The task:
In the records below, the lines between the one holding "Signed in pencil." and the one holding "Personnel Records of", inclusive, are to be transcribed exactly; no pictures are to be included.

Provided records:
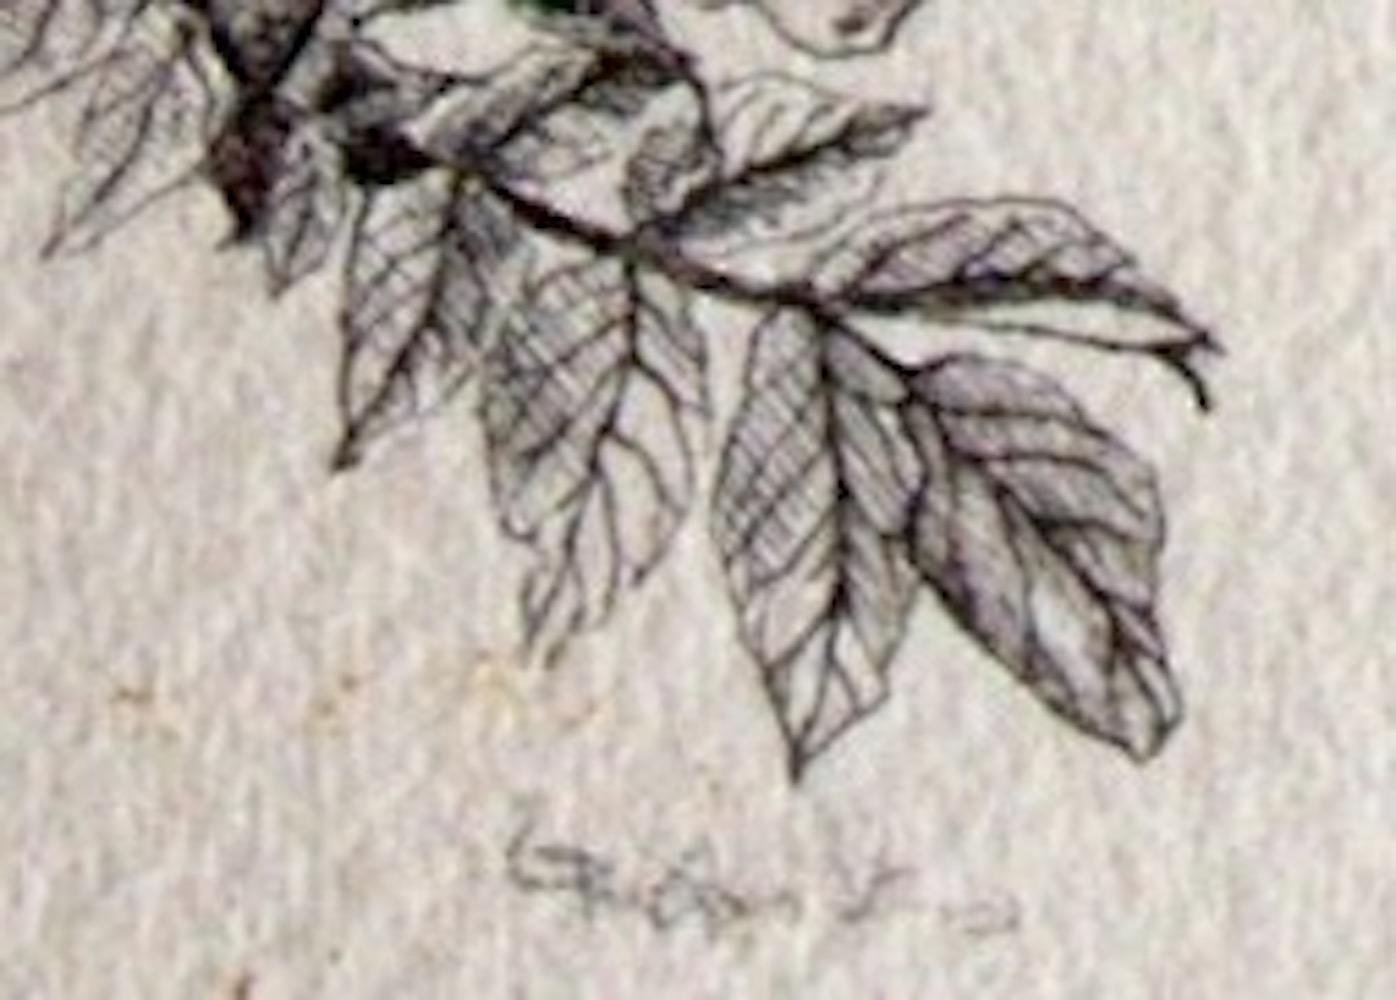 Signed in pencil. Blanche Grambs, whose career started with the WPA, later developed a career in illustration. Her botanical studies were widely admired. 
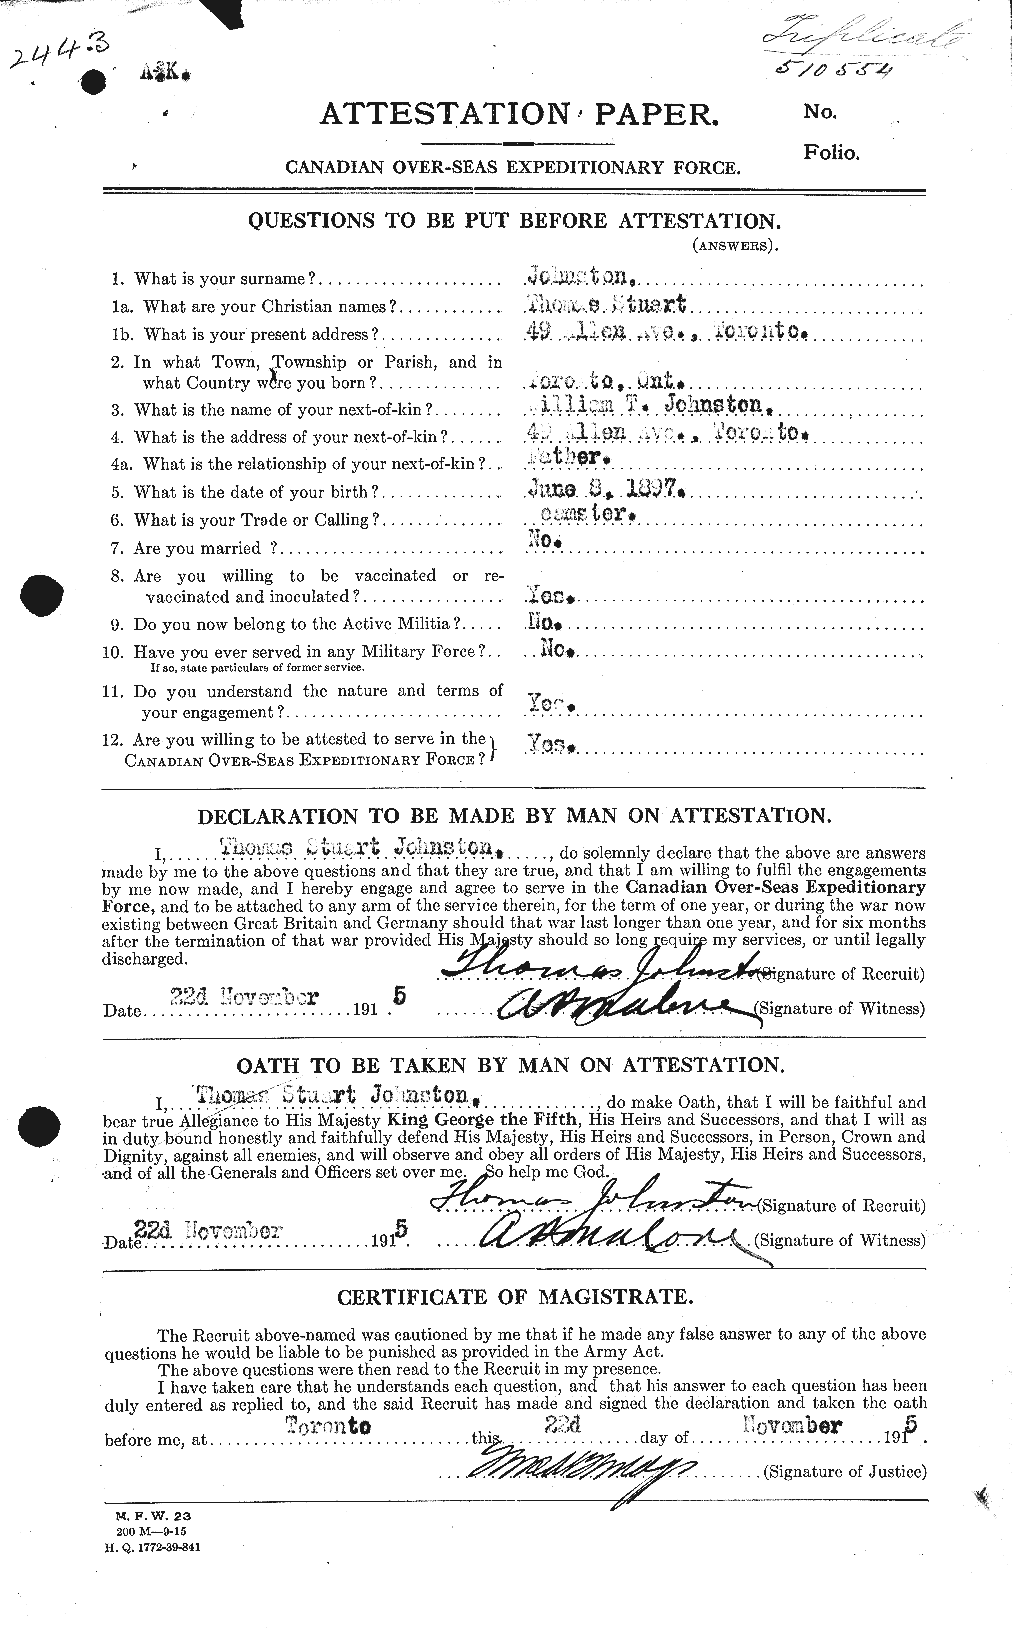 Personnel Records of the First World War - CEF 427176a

---

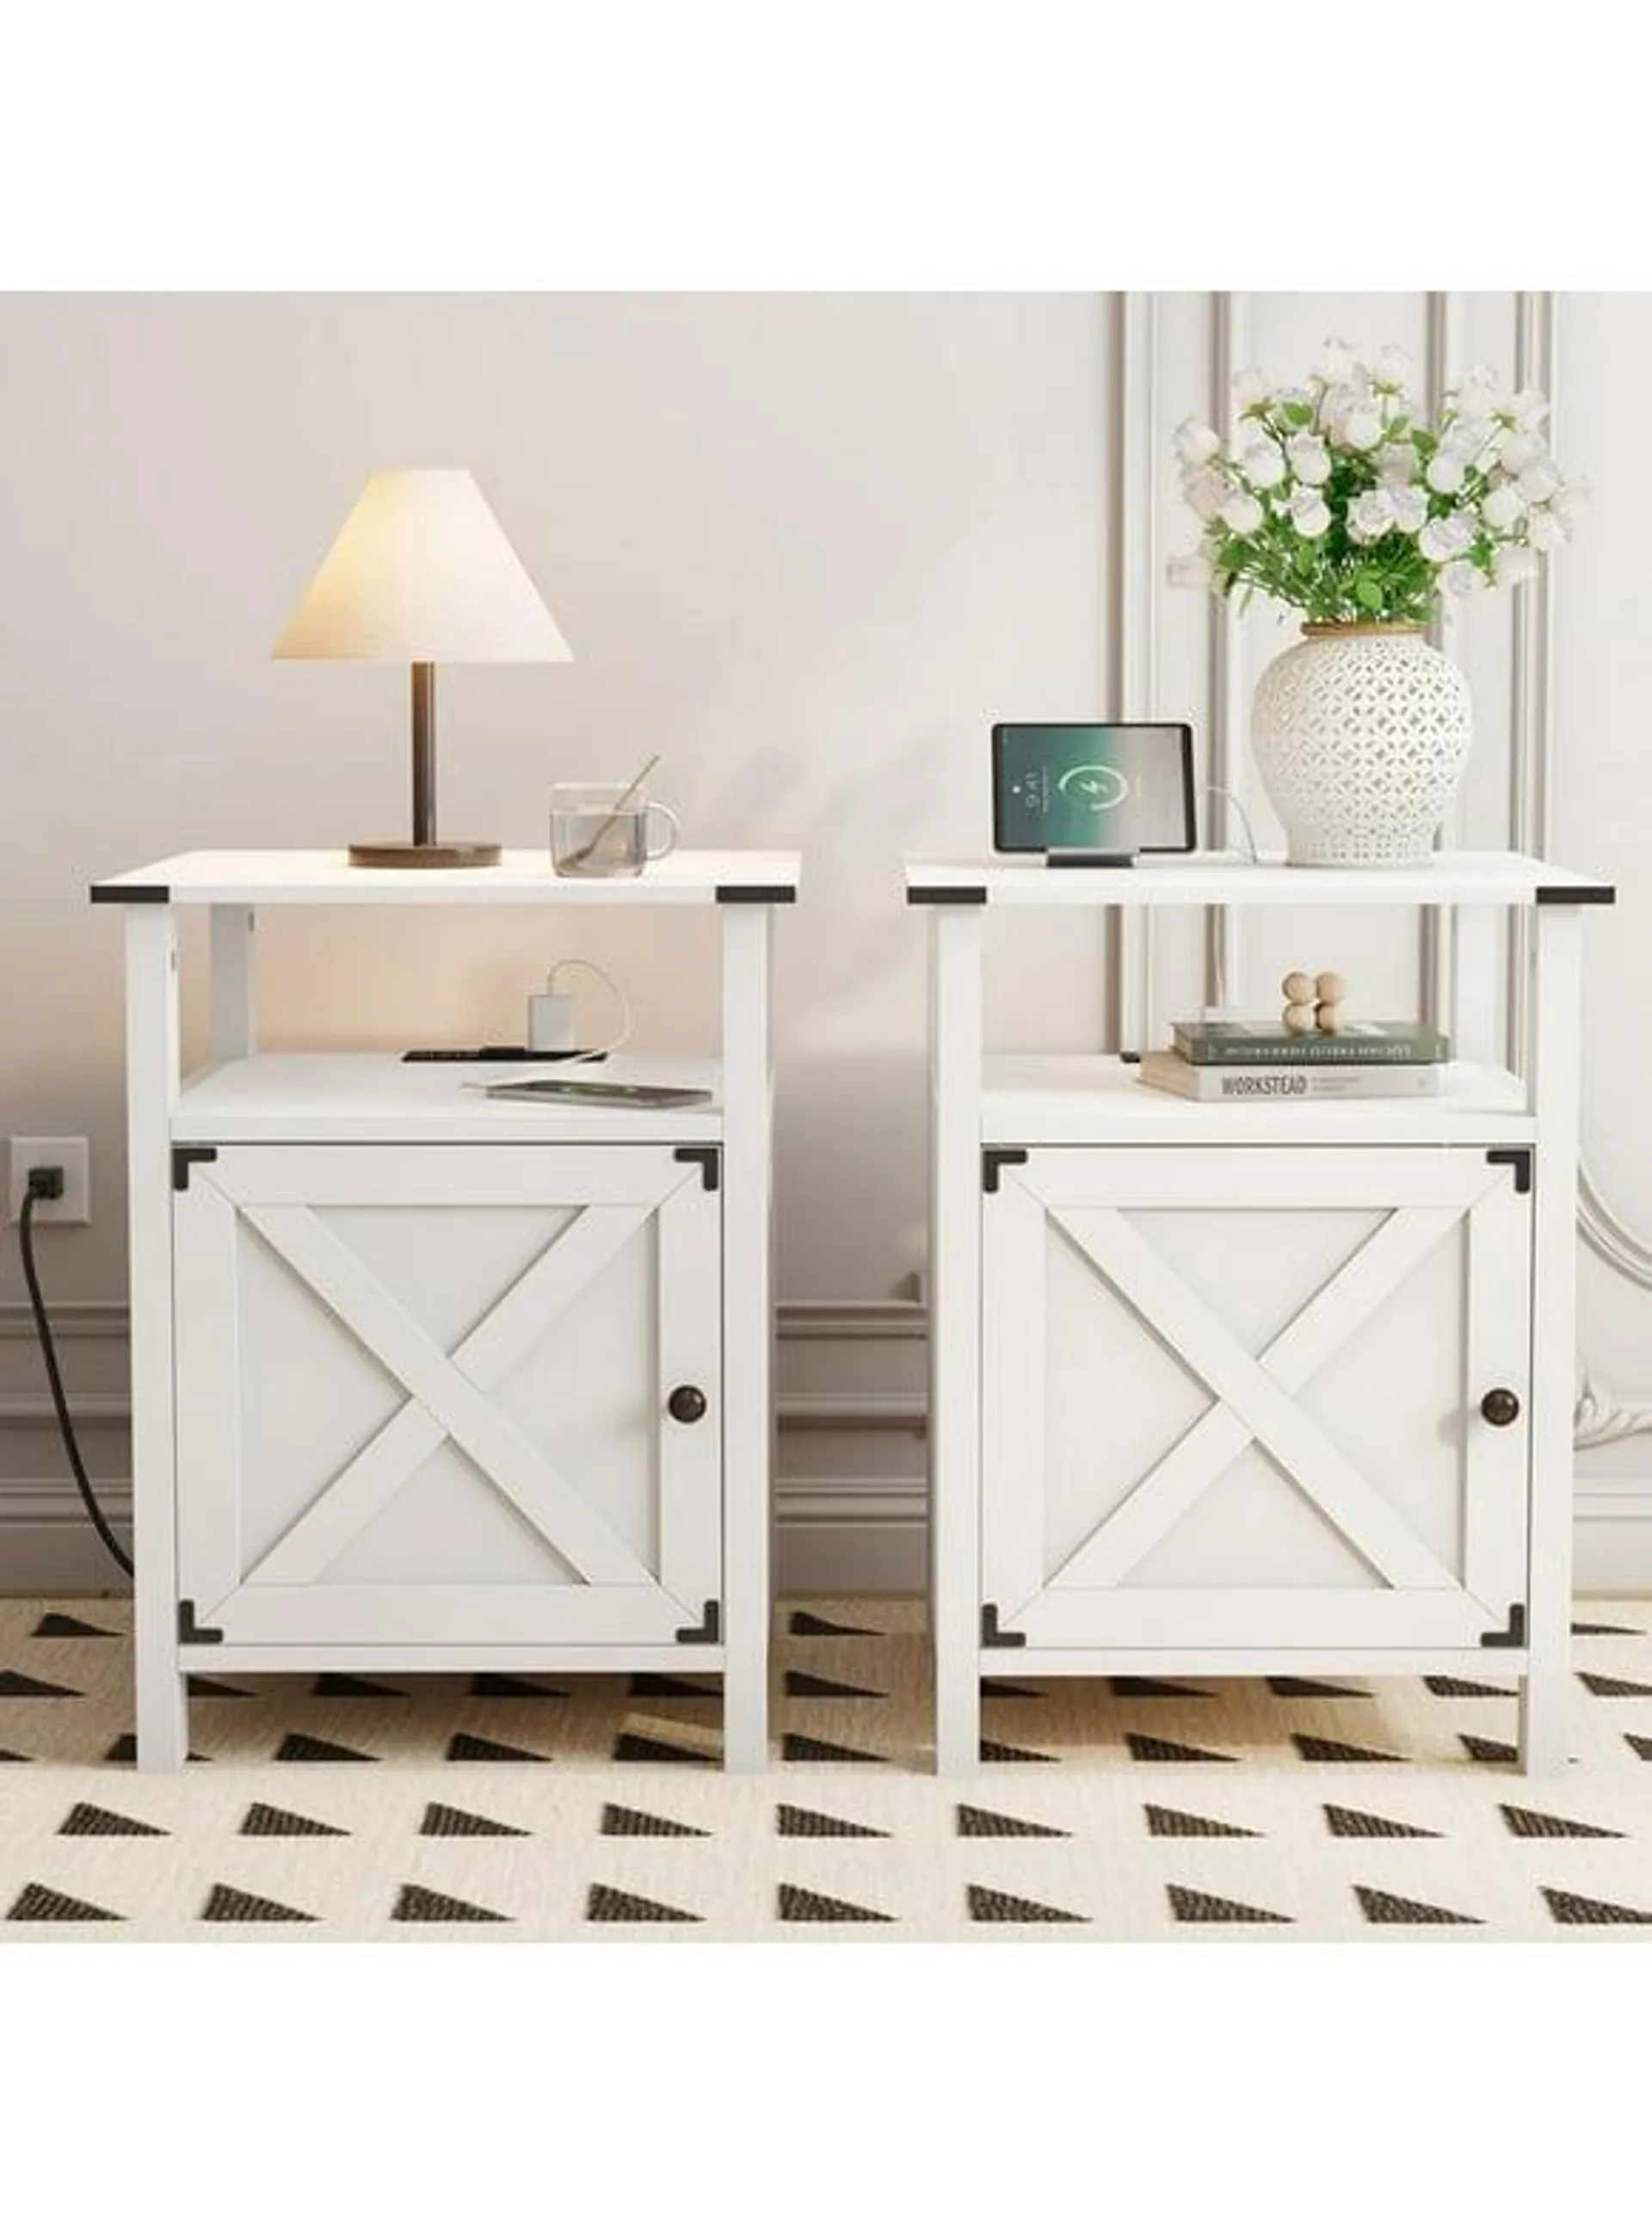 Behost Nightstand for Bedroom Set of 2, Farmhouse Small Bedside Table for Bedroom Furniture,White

Response area:
 Signed in pencil. Blanche Grambs, whose career started with the WPA, later developed a career in illustration. Her botanical studies were widely admired. 
 Personnel Records of the First World War - CEF 427176a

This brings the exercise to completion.